• Data under study:
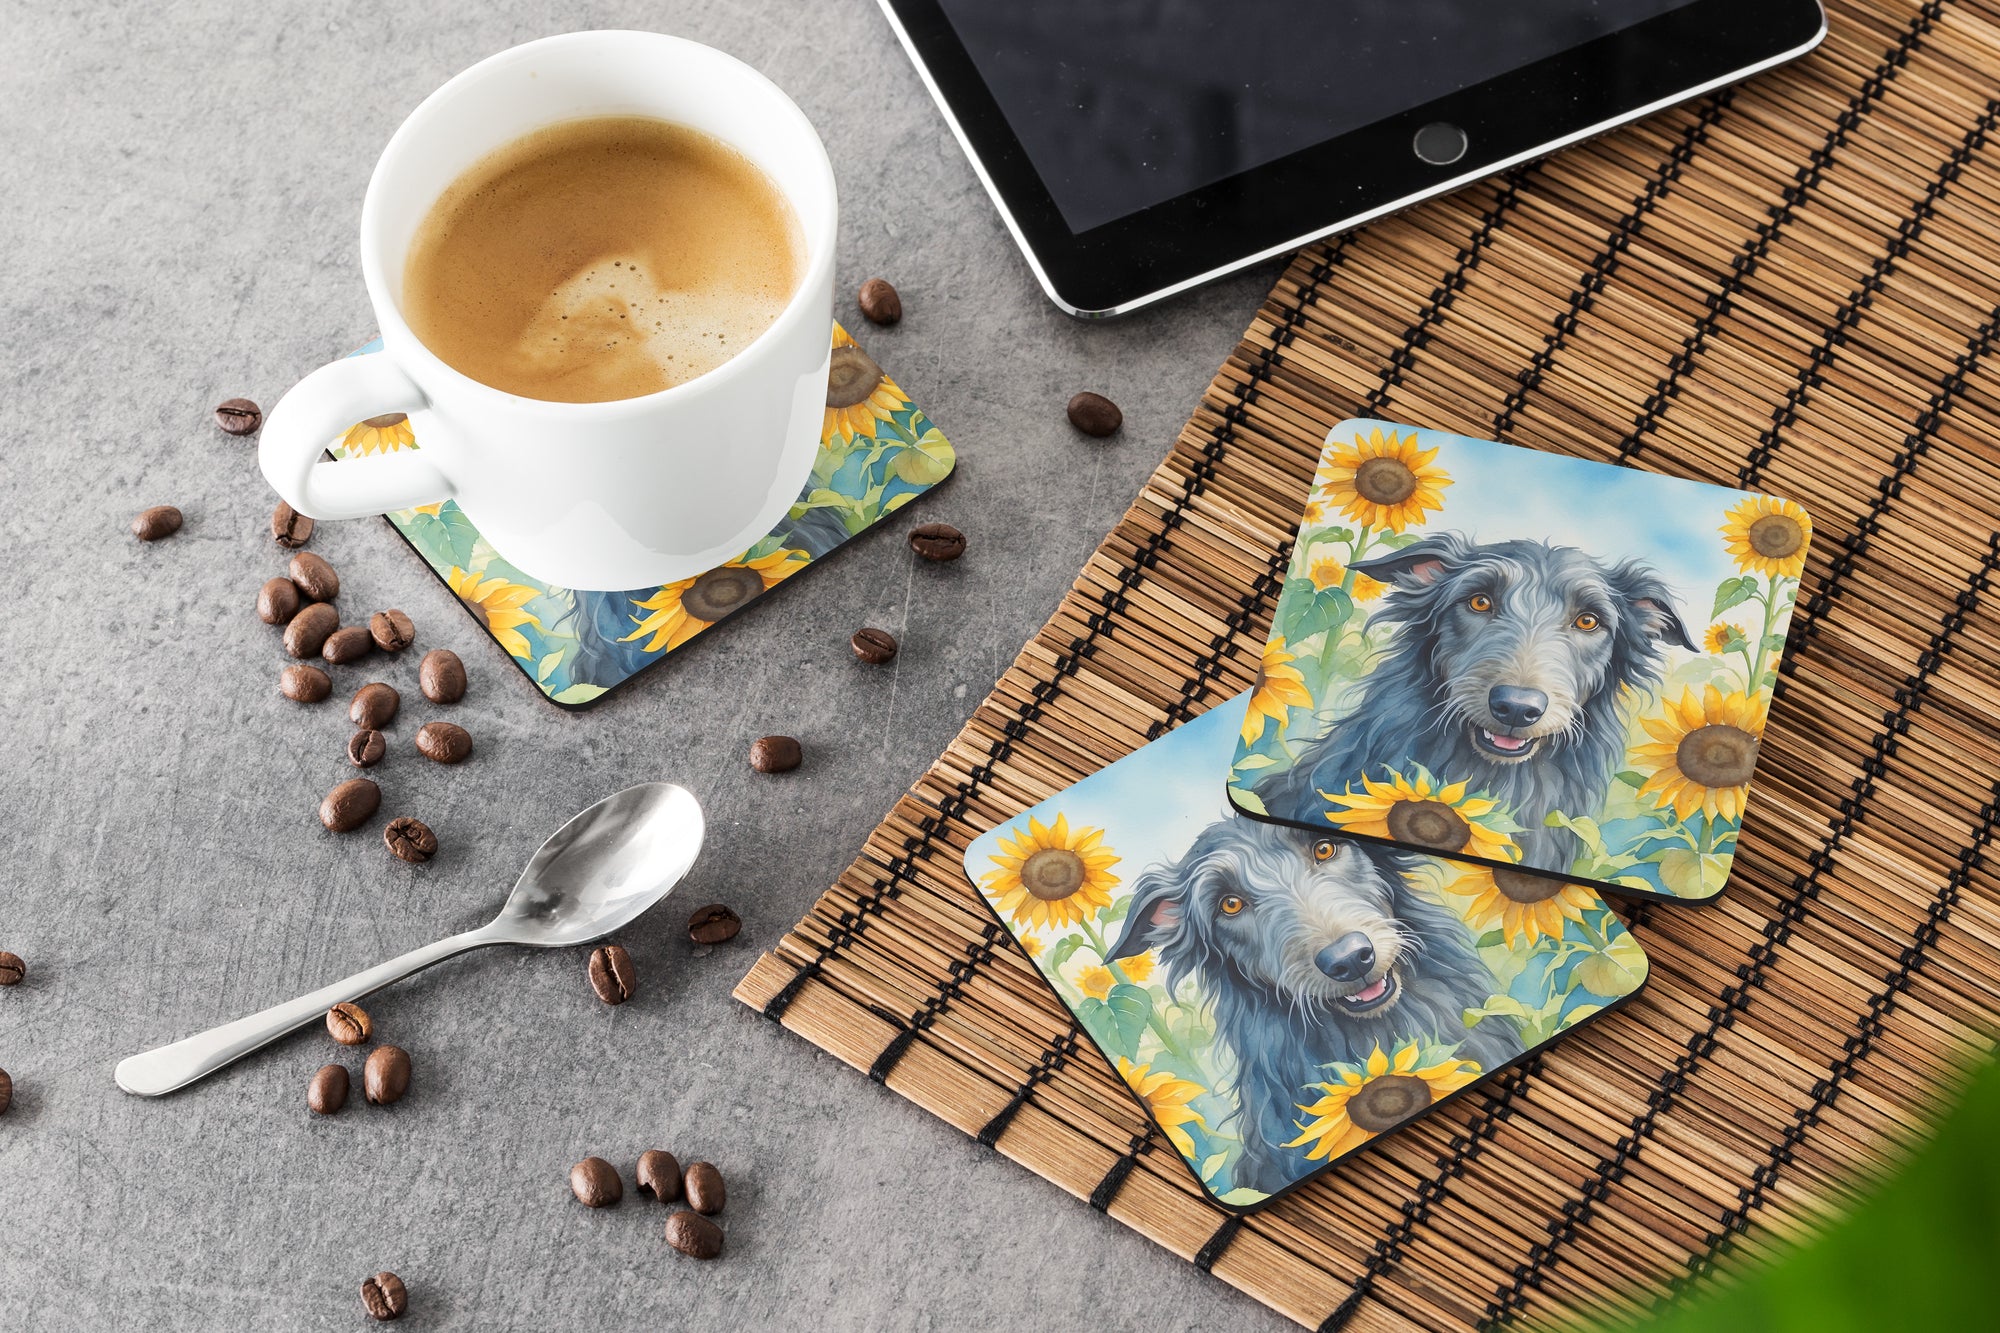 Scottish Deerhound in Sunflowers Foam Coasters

==

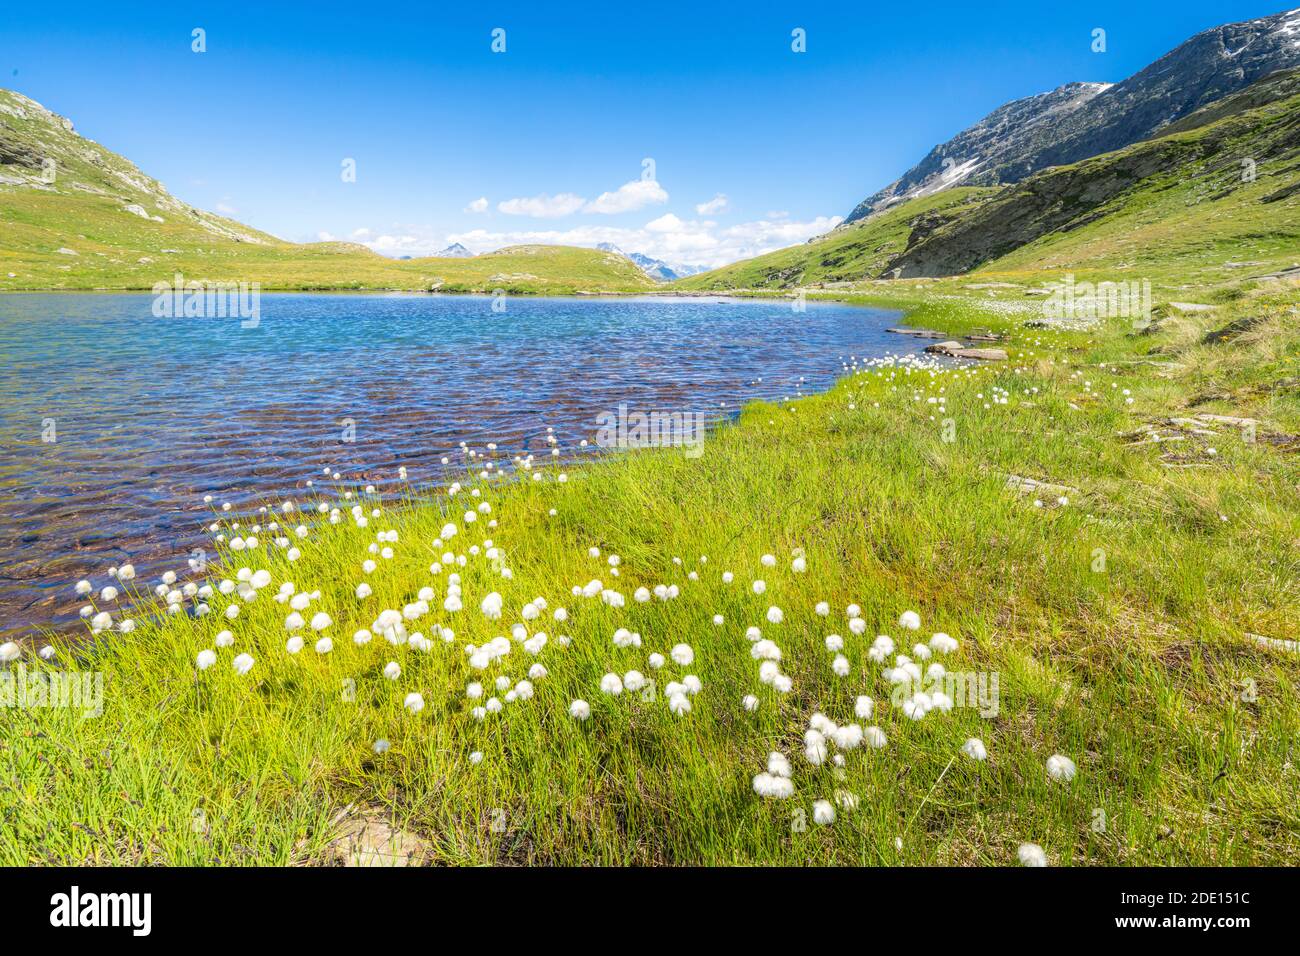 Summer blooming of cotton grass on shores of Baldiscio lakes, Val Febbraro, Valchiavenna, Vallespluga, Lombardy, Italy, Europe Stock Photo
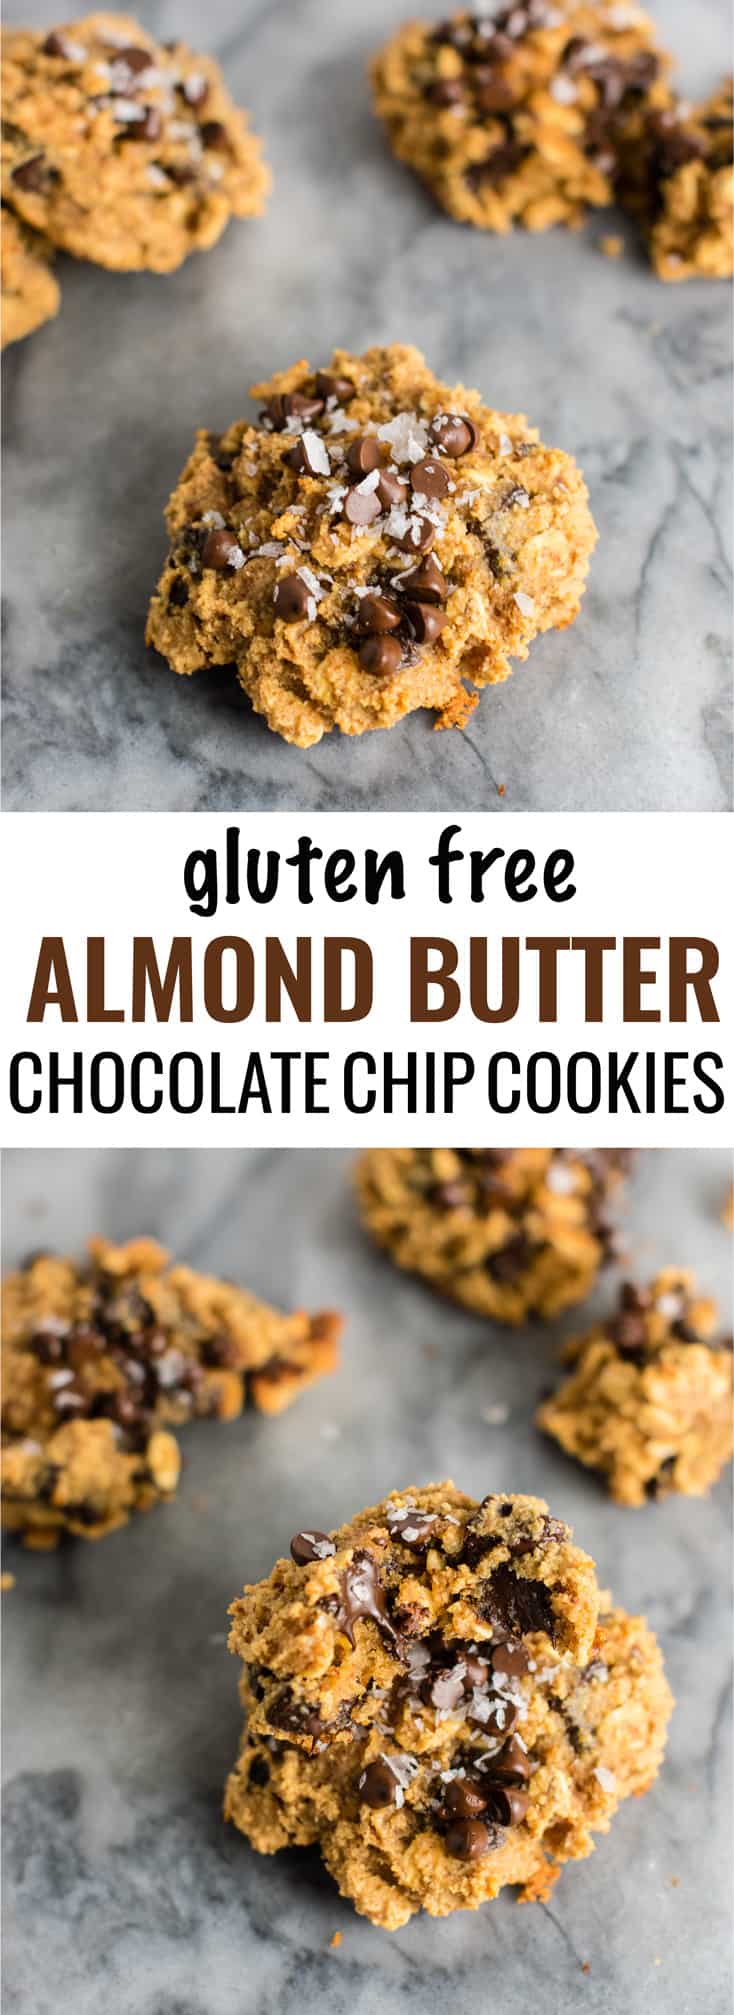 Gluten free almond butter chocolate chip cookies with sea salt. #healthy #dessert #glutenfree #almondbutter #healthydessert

• Work order: Reproduce the listing above only between the lines holding "Summer blooming of" and "Gluten free almond", inclusive. Every line must match exactly, and pictures are dropped.

• Solution for this task:
 Summer blooming of cotton grass on shores of Baldiscio lakes, Val Febbraro, Valchiavenna, Vallespluga, Lombardy, Italy, Europe Stock Photo
 Gluten free almond butter chocolate chip cookies with sea salt. #healthy #dessert #glutenfree #almondbutter #healthydessert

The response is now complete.